Metadata sample classifier- information on number of samples for training purposes

Deni_Ribicic · May 15, 2022, 7:37pm

Hi there,

Is there a way to get information from sample classifier output on number of samples used for training the model?

I am aware that it is possible to obtain information on number of samples used for evaluation of the model- located in predictions.qza artifact.
However, It would be beneficial also to have the same information on number of samples going into algorithm for training purposes, especially for subsequent reporting.

Nicholas_Bokulich · May 16, 2022, 11:00am

Hi @Deni_Ribicic ,
This info could be obtained in a few indirect ways:

number of training samples = total number of samples - # of evaluation samples
number of training samples = total number of samples * (1 - test_size)
if using a classifier, count the number of samples in the training_targets output.
if using one of the nested classifiers, all samples are used for training an n-1 folds, and testing in 1 fold. The number of training samples per fold will be calculated as in step #2 above.

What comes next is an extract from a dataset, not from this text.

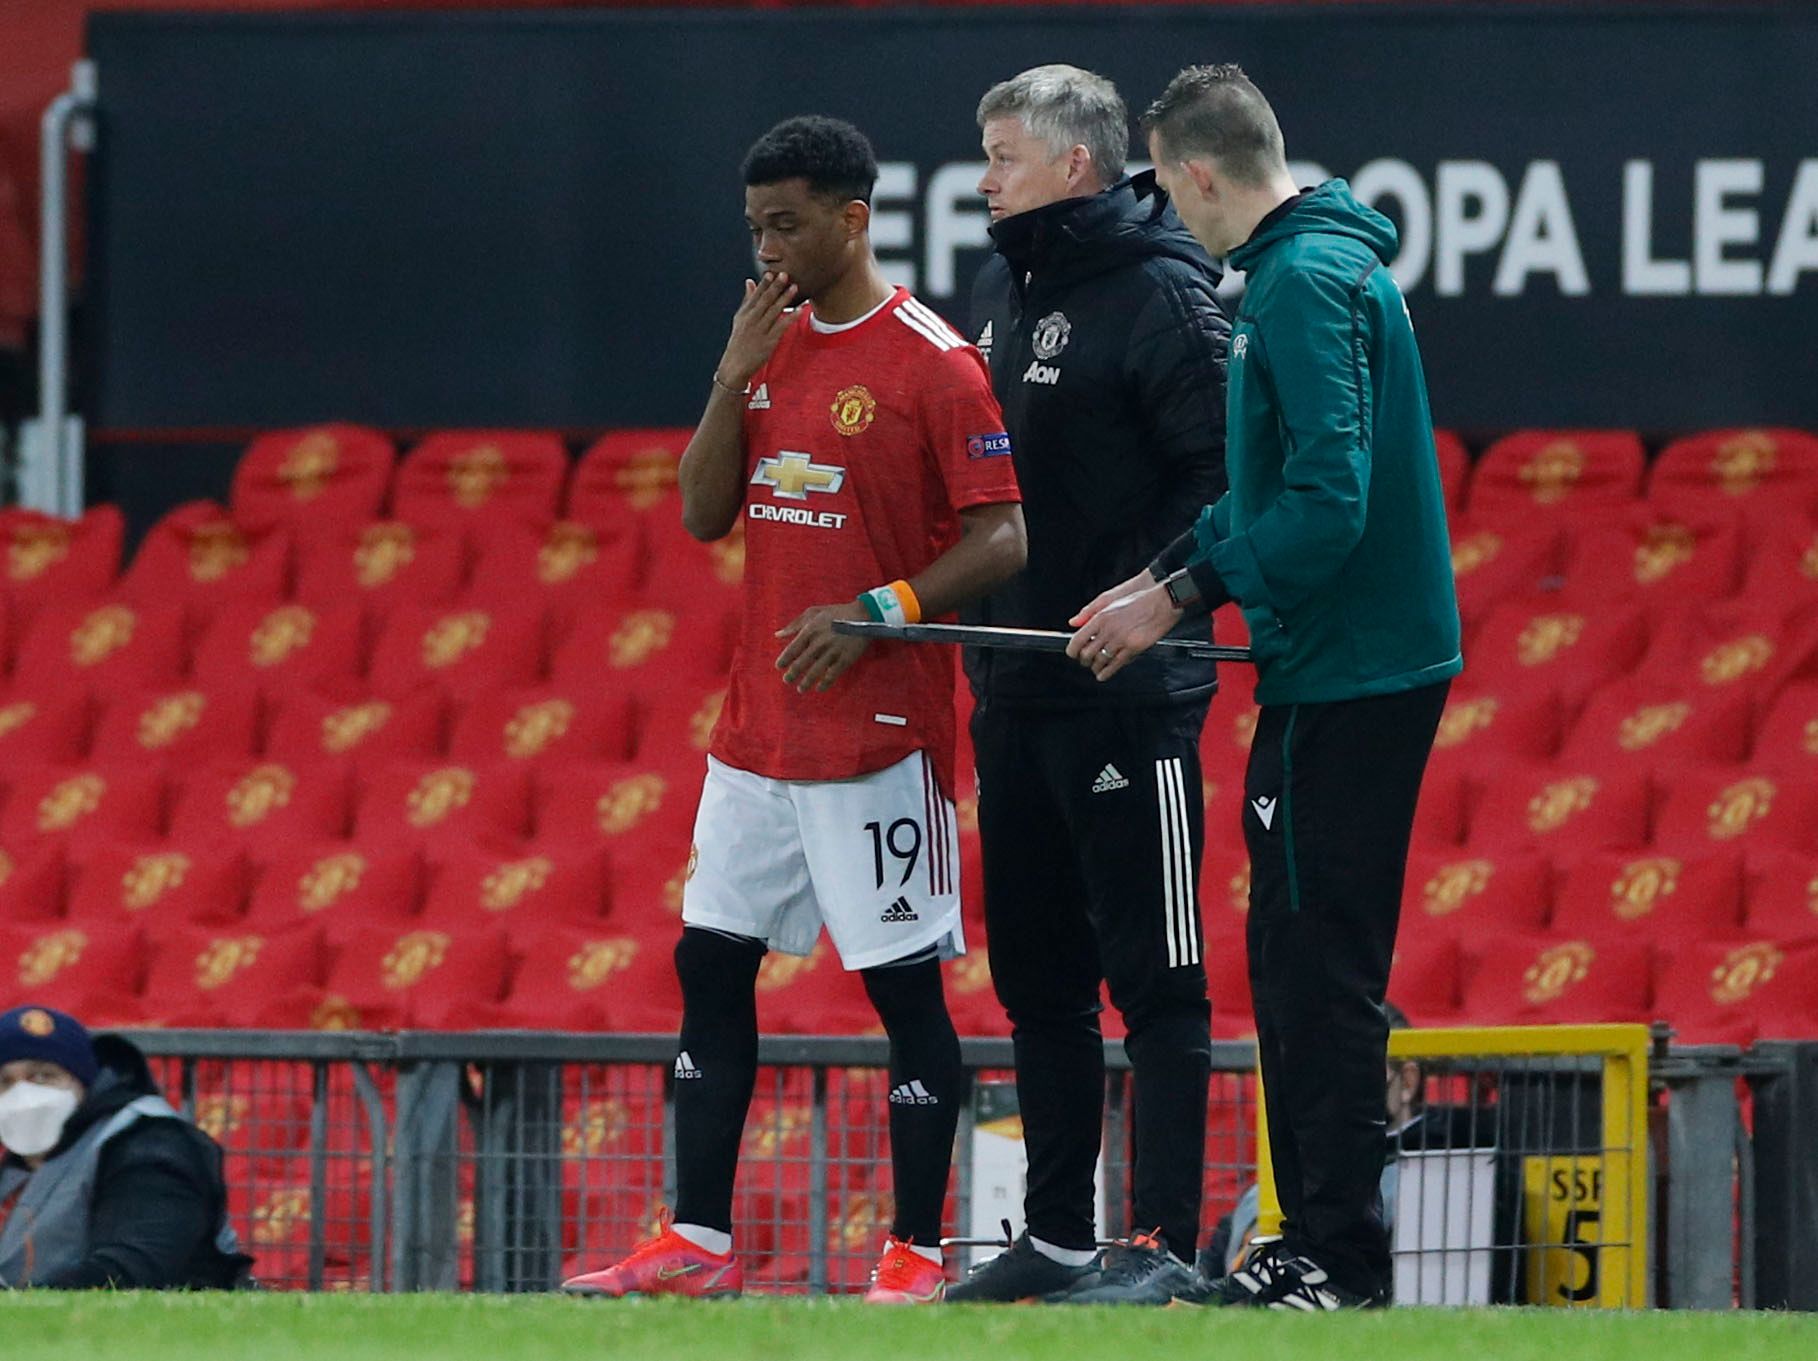 Soccer Football - Europa League - Round of 32 Second Leg - Manchester United v Real Sociedad - Old Trafford, Manchester, Britain - February 25, 2021 Manchester United manager Ole Gunnar Solskjaer prepares to substitute on Manchester United's Amad Diallo REUTERS/Phil Noble

This info could also be simply added to the model_summary outputs if you want a fast + explicit place to look, and are interested in contributing to the source code

It would be impossible to register this information in provenance directly (since it is not set by a separate parameter), but the test_size parameter is how this information is effectively stored in provenance (assuming that the total number of samples is also known).

Deni_Ribicic · May 16, 2022, 1:55pm

Hi @Nicholas_Bokulich ,

Thanks for the input.

I am ashamed to admit I haven't updated qiime2 for a while , hence did not have training_targets as standard output from the run. This solves my problem indeed.

But just out of curiosity, how would one obtain the same info when predicting numerical (continuous) data (regress-sample) (I can see there is no training_targets output here). Let's say a huge dataset (100s of samples), with metadata missing some values, so it becomes a more tedious task to track how many samples in total one has going into model (therefore your suggestion #1 wouldn't be that optimal, I assume)

Nicholas_Bokulich · May 16, 2022, 6:46pm

Point number 1 or 2 above.

Agreed, this is less straightforward with missing values but still traceable for reporting purposes, provided that you did not update the metadata file to replace some values. I am not sure why regress_samples does not output training_targets... this could probably be corrected easily enough.

Nicholas_Bokulich · May 17, 2022, 9:01am

Hi @Deni_Ribicic ,

Quick update: I opened an issue for this on GitHub, so this functionality will be added in a future release of q2-sample-classifier. You can watch that issue on GitHub if you are interested in tracking progress on this (and as always contributions to the source code are welcome ).

Thanks for bringing this up!

system · June 17, 2022, 3:02pm

This topic was automatically closed 31 days after the last reply. New replies are no longer allowed.